In his opening statement the commonwealth's attorney, among other things, said:

"This killing occurred at the home of a woman by the name of Dora Guthrie. She was a witness for the defendant in this case when it was tried before. She may be here to testify for the defendant again, and she may not. But if she does, we are going to show that she is a woman of bad reputation and absolutely unworthy of belief."

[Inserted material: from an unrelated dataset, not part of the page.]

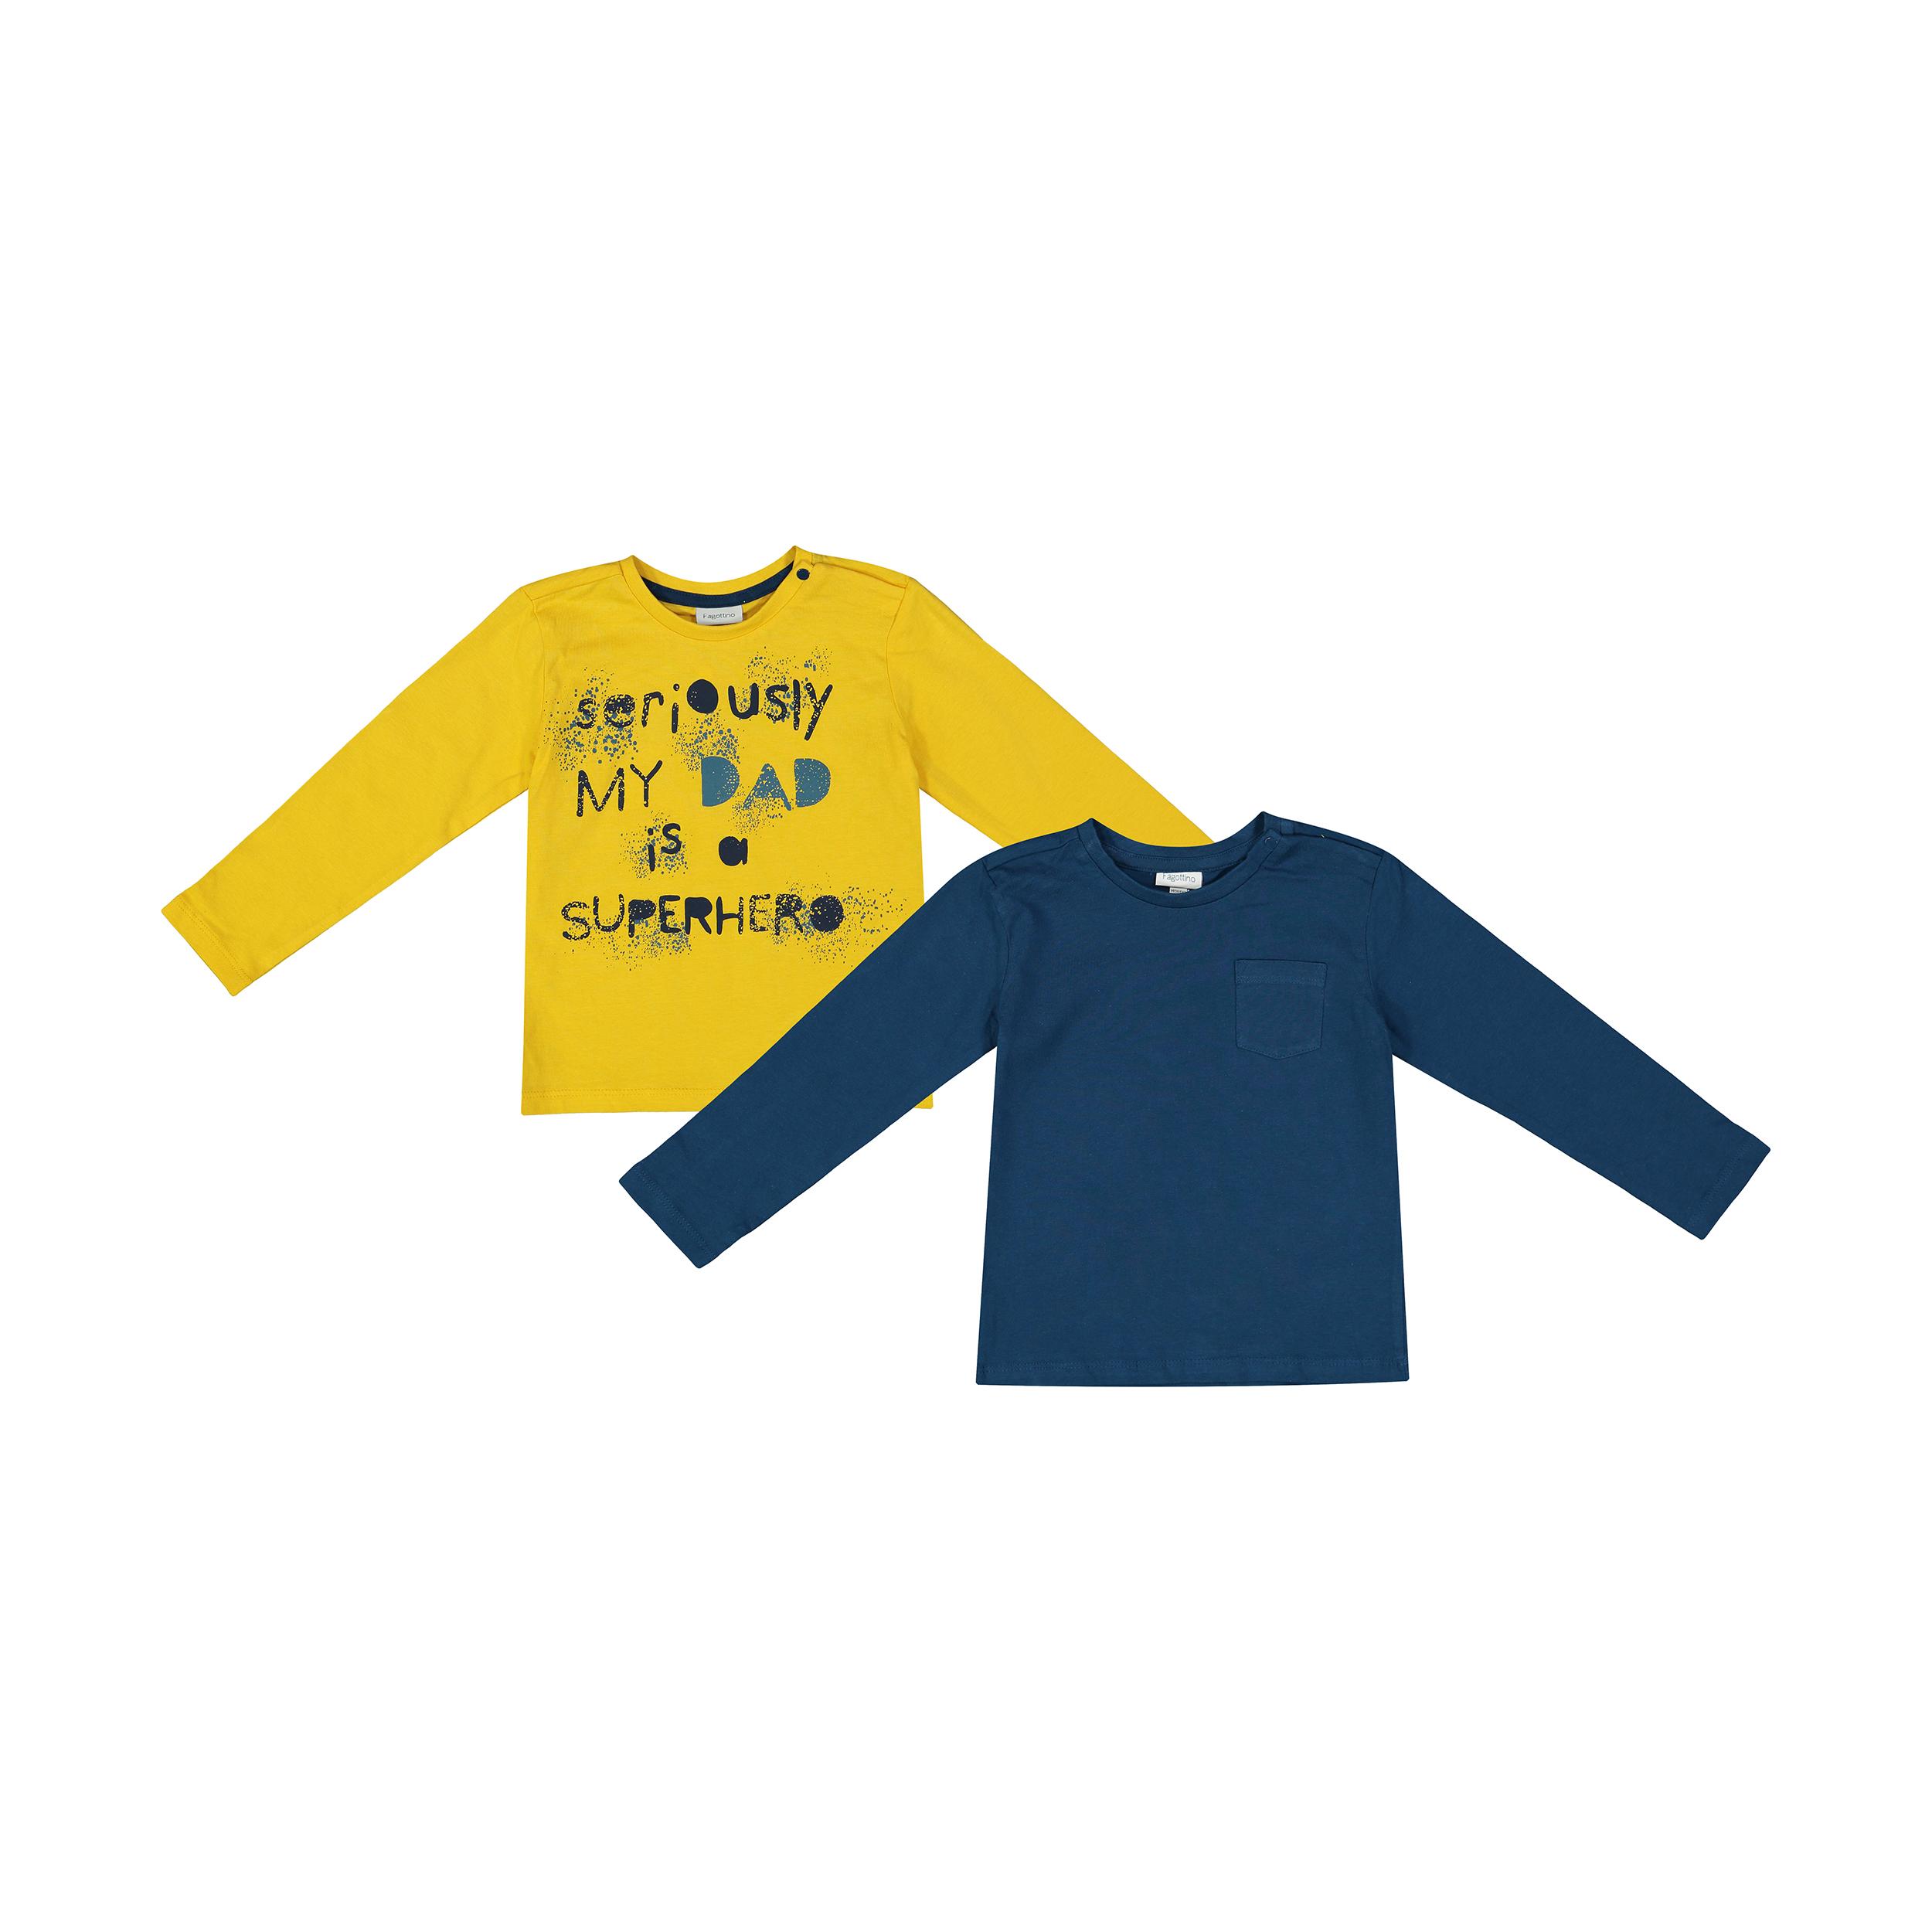 تی شرت نوزادی او وی اس مدل 2414616 بسته 2 عددی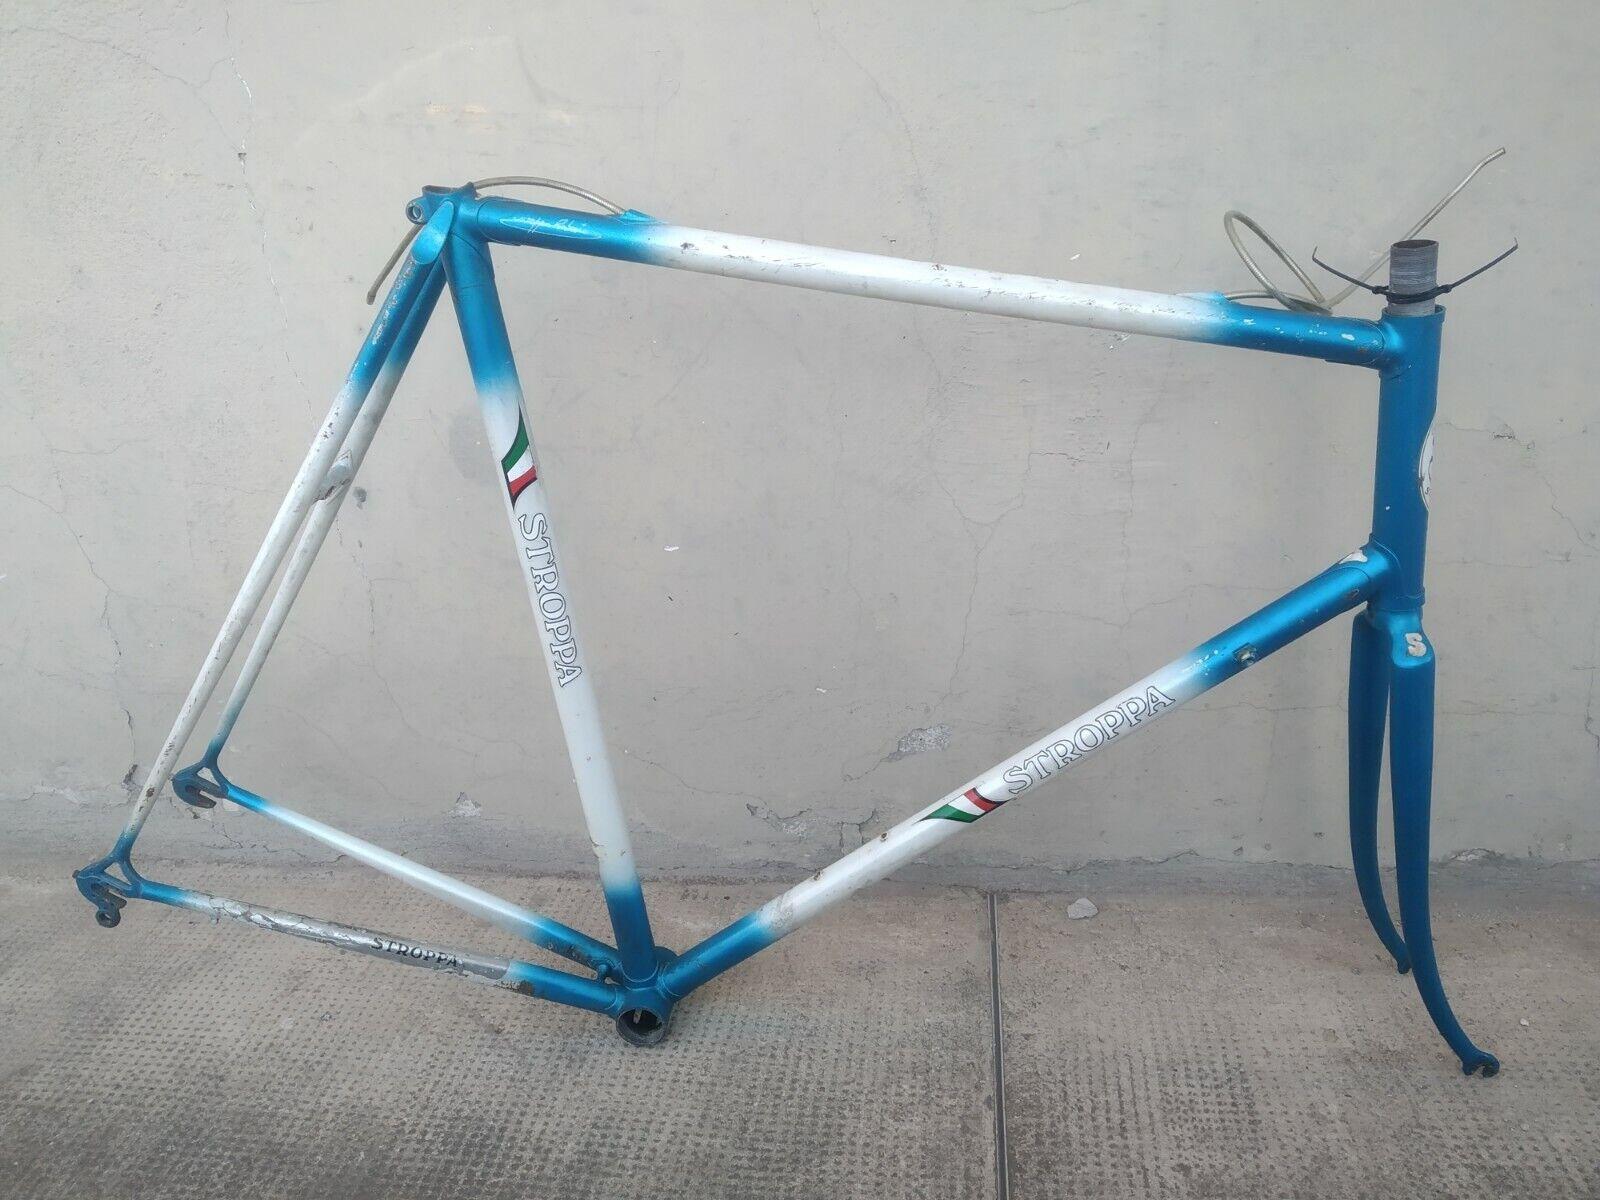 Vintage telaio frame corsa road Sannino  Stroppa 59 x 63 Gios Professional clone

In his assertion that this statement is improper and prejudicial to appellant, counsel cites and relies on the case of Middleton v. Commonwealth, 188 Ky. 247, 221 S.W. 563. In that case it is said in effect that in the statement of the case, the commonwealth's attorney should confine himself to a brief statement of the facts which he expects to develop by proof, and not to comment on the character of witnesses who may or may not be introduced. That case may be easily distinguished because it condemned statements of the commonwealth's attorney that if certain witnesses took the witness stand, the commonwealth would show that they had a criminal record replete with the commission of other felonies in no way connected with the offense for which the accused was being tried and which would not be a proper subject of proof on the trial. Here the commonwealth's attorney was merely making a statement of proof he expected to introduce as to the character of a prospective witness for truth and morality. Clearly such evidence would have been competent.

In the case of Choate v. Commonwealth, 176 Ky. 427, 195 S.W. 1080, 1087, the court disposed of a similar contention, saying:

"* * * Counsel may briefly direct the attention of the jury to all the facts and circumstances which counsel in good faith believes will be allowable to develop in the evidence."